Showing posts with label decay. Show all posts
Showing posts with label decay. Show all posts

Friday, 12 June 2026

Beautiful gardens in Malta have suffered

Over ten years ago, I visited San Anton Palace in Malta and wrote a piece about its connection with Queen Marie of Romania and how she spent her happy teenage years there. Her father was Prince Alfred, Duke of Edinburgh (son of Queen Victoria), and her mother was Grand Duchess Maria Alexandrovna of Russia (daughter of Tsar Alexander II). (See link: san-anton-palace-and-romanov-connection


I thoroughly enjoyed the beautiful gardens surrounding the palace. You might also recognise the gardens from Game of Thrones, in the memorable scene where the despicable Joffrey took Sansa Stark to see her father's head on a spike. That scene was filmed in San Anton Gardens.

In those days, visitors could not only enjoy the gardens but also walk through parts of the palace and visit the kitchen gardens behind it. There was a petting zoo, an immense children's playground, and a huge café that was very reasonably priced, with lovely seating both indoors and outdoors.

This month I returned to enjoy the gardens' quiet beauty and perhaps a coffee, only to find that they had been allowed to deteriorate. Stone paths were breaking up beneath my feet, all the turtles had disappeared from the lovely pond, and signs of neglect were evident everywhere. 

The palace was closed to the public, as were the kitchen gardens, their grounds, and the café. It has remained closed since August 2024 for extensive refurbishment and restoration works, with no confirmed reopening date.

Today I revisited another old favourite of mine, Sa Maison Gardens on the Floriana Bastions. (See my blog post: sa-maison-gardens-remembering-lady.html) Sadly, this beautiful garden was also in disarray. It has been fenced off since last year because of structural restoration works on the eighteenth-century bastion walls and the conversion of the grounds into new shaded and coastal botanical zones.

It saddens me to think of the loss of all those lovely trees and plants that had a history stretching back to Lady Lockwood's time in the 1840s. For some reason, the lemons from the main trees had an extraordinary fragrance; when scratched, they released a scent reminiscent of the most expensive men's cologne.

I know that Malta faces a constant challenge in maintaining and repairing its vast stock of historic buildings and landscapes. There is so much beauty and history that requires care, nurturing, and investment. However, sometimes when we fix things, we do not preserve them—we destroy them. Clearly, investment continues to be made.
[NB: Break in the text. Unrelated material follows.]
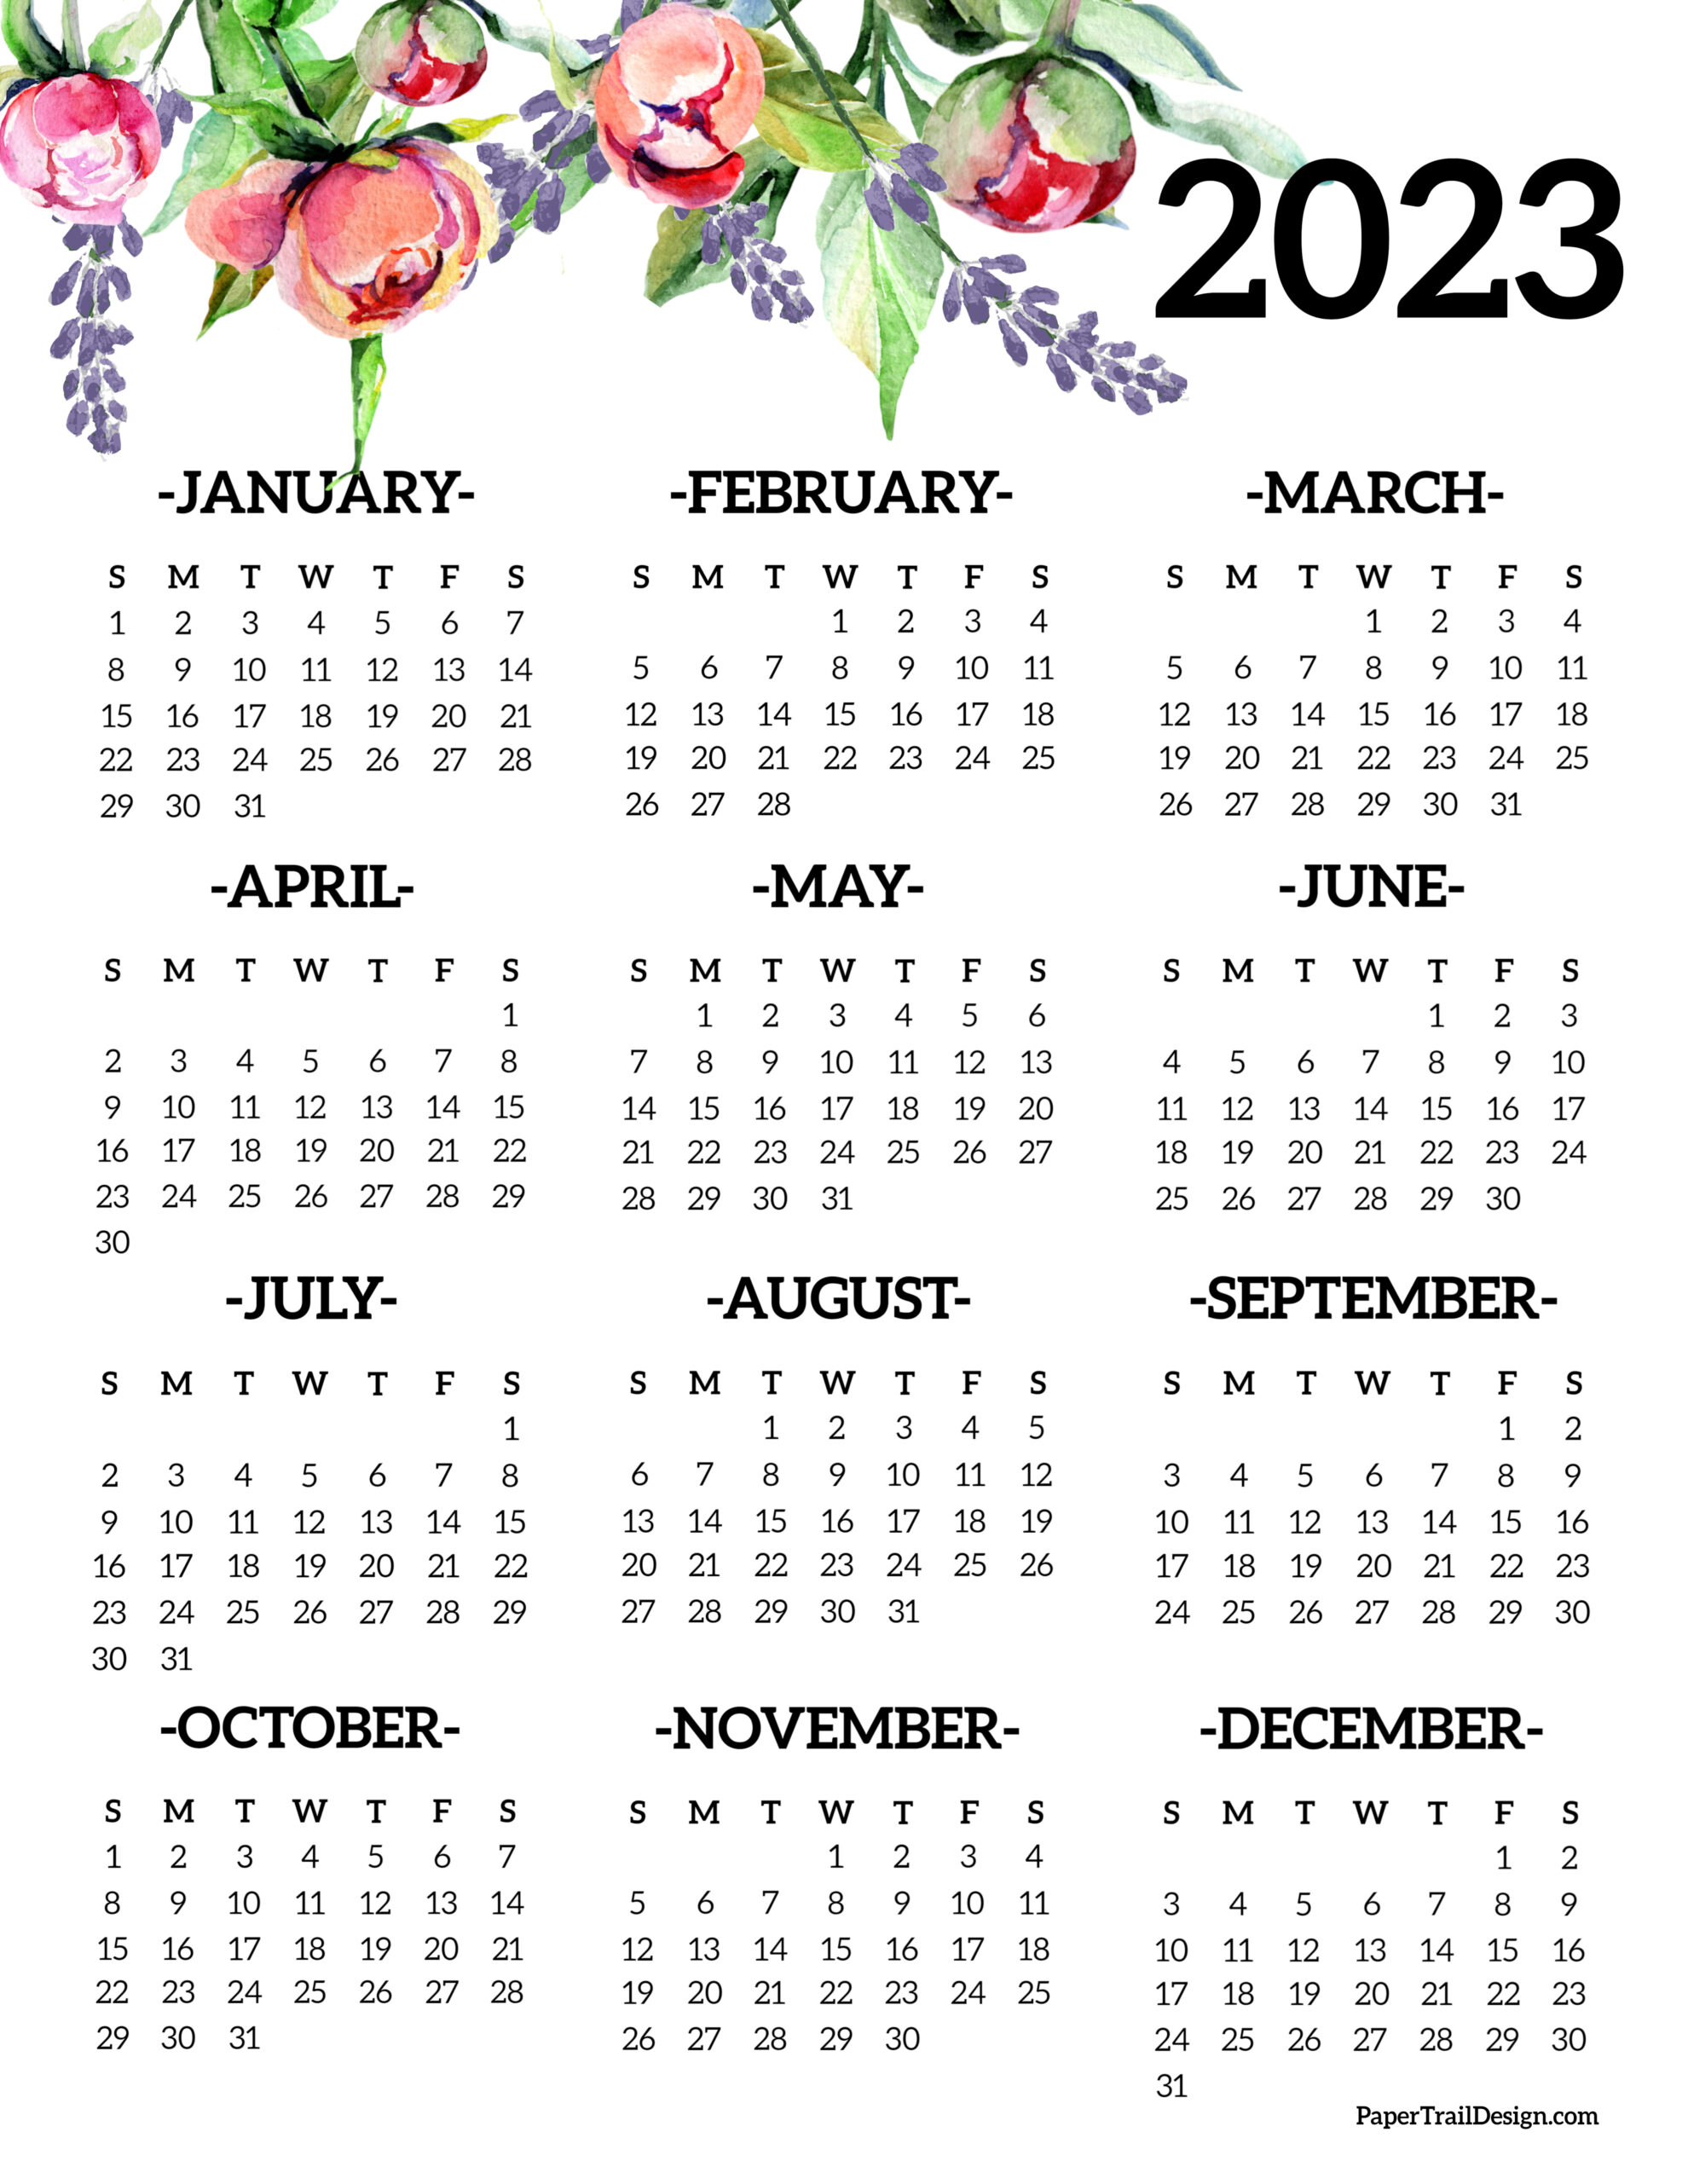 paper-trail-design-calendar-2023-get-calendar-2023-update

It is also clear where the priorities lie, and sadly, historic gardens seem to rank rather low on the list.

City Gate / Parliament / Opera House  €100 million

Fort St Elmo                                          €15.5 million

Fort St Angelo                                  €13.4 million

Marina di Valletta                                  €7.5 million

St Elmo Breakwater Bridge                  €2.8 million

One can only hope that when both these gardens eventually reopen, they will still retain some of the character, charm, and living history that made them such special places in the first place.

Consider the flowers of a garden: though differing in kind, colour, form and shape,.. this diversity increaseth their charm, and addeth unto their beauty.